Before you think that the participants’ golf games are severely diluted, take note of the skills displayed by many, with scratch handicaps and long drivers galore. Vince Biser of Baltimore, now a Florida resident, suffered from cerebral palsy as a youngster and has no use of his right side. He has won the National One-Armed unassisted title a record six times. Canadian Jesse Florkowski, born without a right arm, has been ranked as the top one-armed unassisted golfer in the world, is one of the longest drivers among his competitors, has won the North American championship five times and serves as a golf professional at Connaught Golf Club in hometown Medicine Hat, Alberta, Canada. South Africa’s Reinard “Rhino” Schuhknecht misjudged diving off a roof into a pool at age 14 and fell into a live powerline, losing his right arm. Still, he has won long-drive contests with a career-best poke of 366 yards and multiple international one-armed championships. Alex Fourie was born without a right arm in the Ukraine and was adopted by Americans, fell in love with golf and is now a low handicap teaching professional and the top-ranked golfer in his classification. Ireland’s Cian Arthurs lost his right arm at age 2 in a lawnmower accident but has risen to winning all the 2019 major one-armed titles and is the President of the Society of One-Armed Golfers.
NAOAGA YOUTH MOVEMENT
Then there’s the youth movement, which draws considerable support throughout the organization. Tommy Morrissey is missing most of his right arm, but the St. Louis resident, age 10, has been amazing fans with his powerful back-handed full-turn and follow-through swing. Sophia Howard, born without a right hand, is a 14-year-old from Michigan whose left-handed swing impressed the women’s best, the Korda sisters, who have played with and talked with her about their golf games at a LPGA event. Philadelphia’s Kendell Kemm, 17, has been fighting a brain malformation that causes strokes and lost the use of her left arm following a surgical procedure, only to keep playing, earn kudos from Phil Mickelson and on-line instruction from Nick Faldo.

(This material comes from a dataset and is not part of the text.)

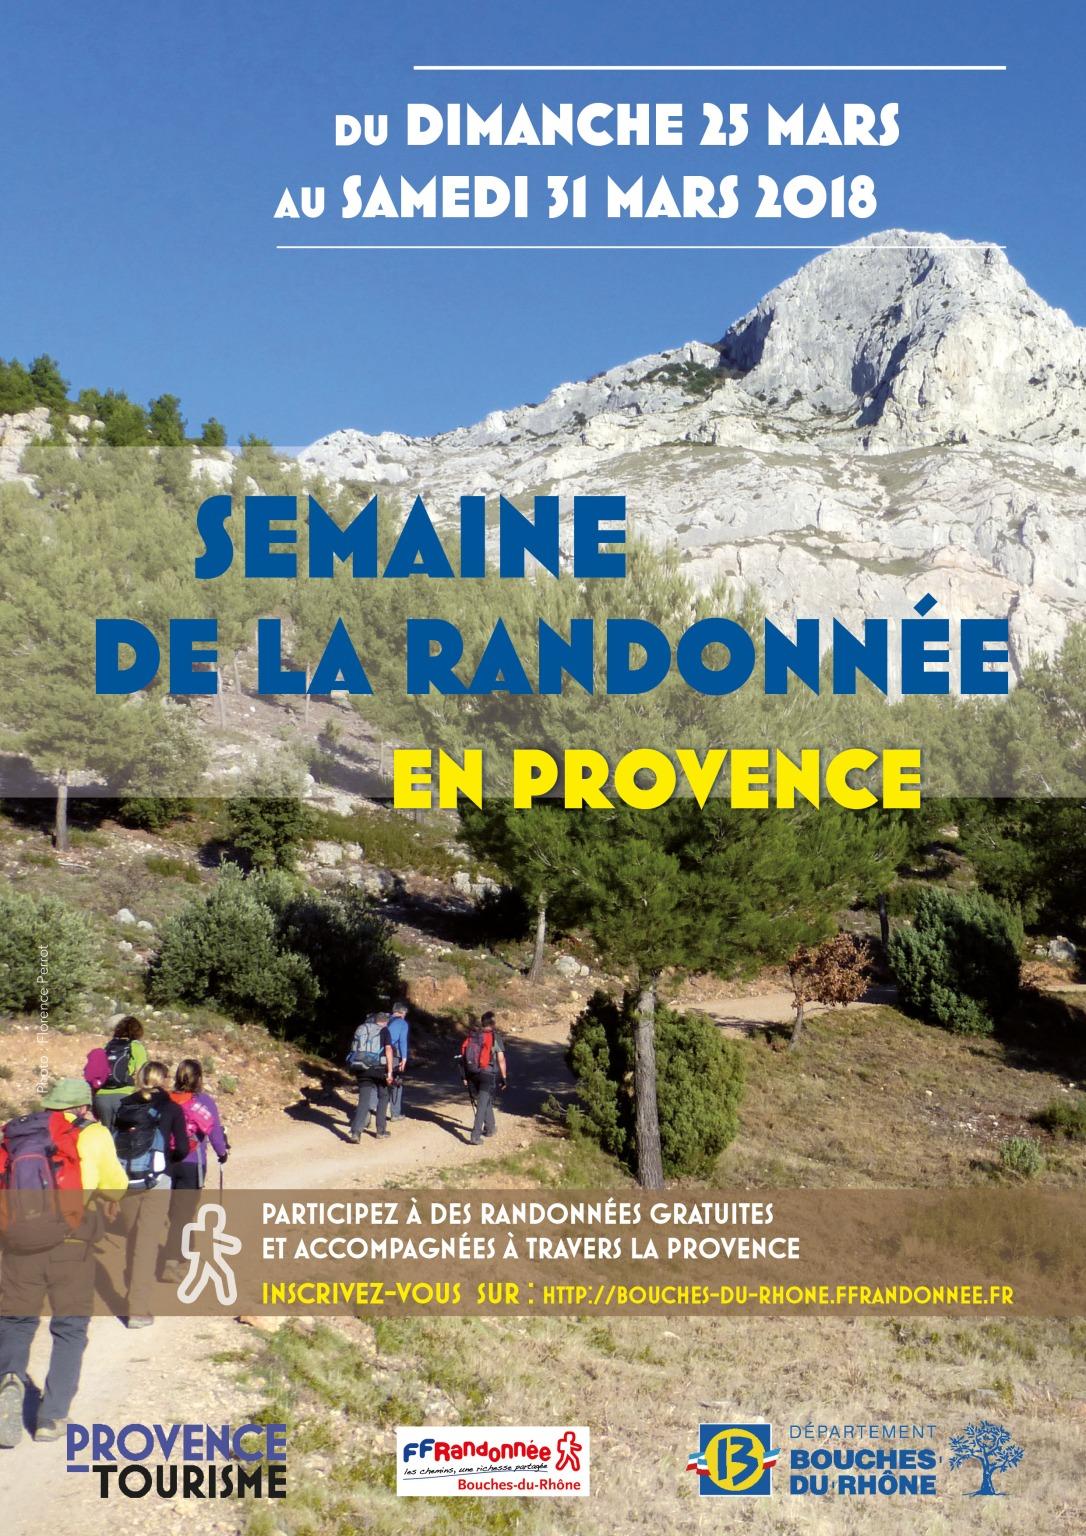 Semaine de la Randonnée en Provence.jpg

“The coolest thing I have seen among everyone, but particularly the kids, is the connection with each other,” Aldrich said. “They talk about playing together. I remember one of the junior girls going to one of our tournaments and walking into a room where there were one-armed people everywhere. She just smiled and told her mom, ‘These are my people.’”
THE ALDRICH SUPER SLING
Aldrich has continually thought of how he can assist those trying to compete. He developed a sling to secure his left arm in his golf swing. The Aldrich Super Sling (ASS, he jokes) has been worn by many one-armed golfers, including those in national competitions, and para-athletes. Triathlete Robin Caruso, a five-time national champion who lost the use of her right arm when struck by a car while riding a bicycle, wears the sling. Scotland’s Derek Rae ran for Great Britain in the Tokyo Paralympics this summer. He was on the Great Britain team in 2016 at Rio and placed ninth in Tokyo at the marathon on Sept. 5, with Aldrich’s support from afar. Golf is not currently in the Paralympics, but there are efforts being made to do so, mostly through the U.S. Adaptative Golf Alliance, which ranks golfers according to various stipulations and represents 20 million people who are physically disabled and would like to play the game. Among those supporting golf in the Paralympics are PGA Tour stars Jordan Spieth and Bryson DeChambeau.
Aldrich said a key to taking the next step is more corporate sponsorship. However, he pays homage to Callaway for its Adaptive Team support and to Ping for its adaptive fitting program. He also points toward Golf Pride for its work with disabled golfers, particularly the availability of the ALIGN Technology grips. The dedicated raised ridge extending down the back of the grip was introduced in January 2017 to guide consistent hand placement for golfers and is particularly valuable to those in adaptive golf.
“The more people who see others playing and the ability to get just one person off the couch is why I do this,” Aldrich said. “Give the people who don’t get a chance or don’t see a future or the kids who are picked on at school the same opportunity.”